### Task to carry out
Every line from the start of the records below to the line containing "Wedding chairs with flowers by the side" should be retyped exactly, that line included, and no others.

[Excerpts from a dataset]
⟨

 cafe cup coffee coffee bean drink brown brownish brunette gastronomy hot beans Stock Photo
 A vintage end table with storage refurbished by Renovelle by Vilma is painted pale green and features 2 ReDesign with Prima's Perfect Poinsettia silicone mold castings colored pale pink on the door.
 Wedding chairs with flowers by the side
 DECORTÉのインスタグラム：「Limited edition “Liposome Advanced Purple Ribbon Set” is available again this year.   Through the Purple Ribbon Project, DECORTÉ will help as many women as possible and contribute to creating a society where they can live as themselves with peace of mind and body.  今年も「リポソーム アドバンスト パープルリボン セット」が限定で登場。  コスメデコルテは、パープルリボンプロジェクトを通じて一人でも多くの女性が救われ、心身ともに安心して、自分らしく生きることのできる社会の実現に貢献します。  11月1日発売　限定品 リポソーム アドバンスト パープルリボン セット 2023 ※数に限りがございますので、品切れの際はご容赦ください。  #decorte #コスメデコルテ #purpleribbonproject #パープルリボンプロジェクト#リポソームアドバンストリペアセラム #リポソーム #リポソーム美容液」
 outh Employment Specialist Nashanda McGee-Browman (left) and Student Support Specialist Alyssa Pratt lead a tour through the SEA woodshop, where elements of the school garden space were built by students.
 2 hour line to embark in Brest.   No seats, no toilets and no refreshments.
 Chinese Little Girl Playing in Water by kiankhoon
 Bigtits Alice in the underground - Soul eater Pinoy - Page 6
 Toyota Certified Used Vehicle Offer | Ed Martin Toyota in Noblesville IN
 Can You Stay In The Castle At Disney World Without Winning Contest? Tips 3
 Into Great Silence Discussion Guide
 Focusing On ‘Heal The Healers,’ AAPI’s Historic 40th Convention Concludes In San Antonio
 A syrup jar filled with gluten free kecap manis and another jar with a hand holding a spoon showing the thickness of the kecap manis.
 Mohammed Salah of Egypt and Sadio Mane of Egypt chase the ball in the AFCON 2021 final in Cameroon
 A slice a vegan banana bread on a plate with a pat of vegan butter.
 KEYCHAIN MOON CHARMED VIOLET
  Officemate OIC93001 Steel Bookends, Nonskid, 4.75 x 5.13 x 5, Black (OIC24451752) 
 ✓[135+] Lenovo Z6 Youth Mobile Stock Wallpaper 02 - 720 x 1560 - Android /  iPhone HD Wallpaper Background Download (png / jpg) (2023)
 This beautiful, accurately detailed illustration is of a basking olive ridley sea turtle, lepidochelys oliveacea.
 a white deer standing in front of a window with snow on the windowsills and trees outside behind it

⟩

### Answer below
 cafe cup coffee coffee bean drink brown brownish brunette gastronomy hot beans Stock Photo
 A vintage end table with storage refurbished by Renovelle by Vilma is painted pale green and features 2 ReDesign with Prima's Perfect Poinsettia silicone mold castings colored pale pink on the door.
 Wedding chairs with flowers by the side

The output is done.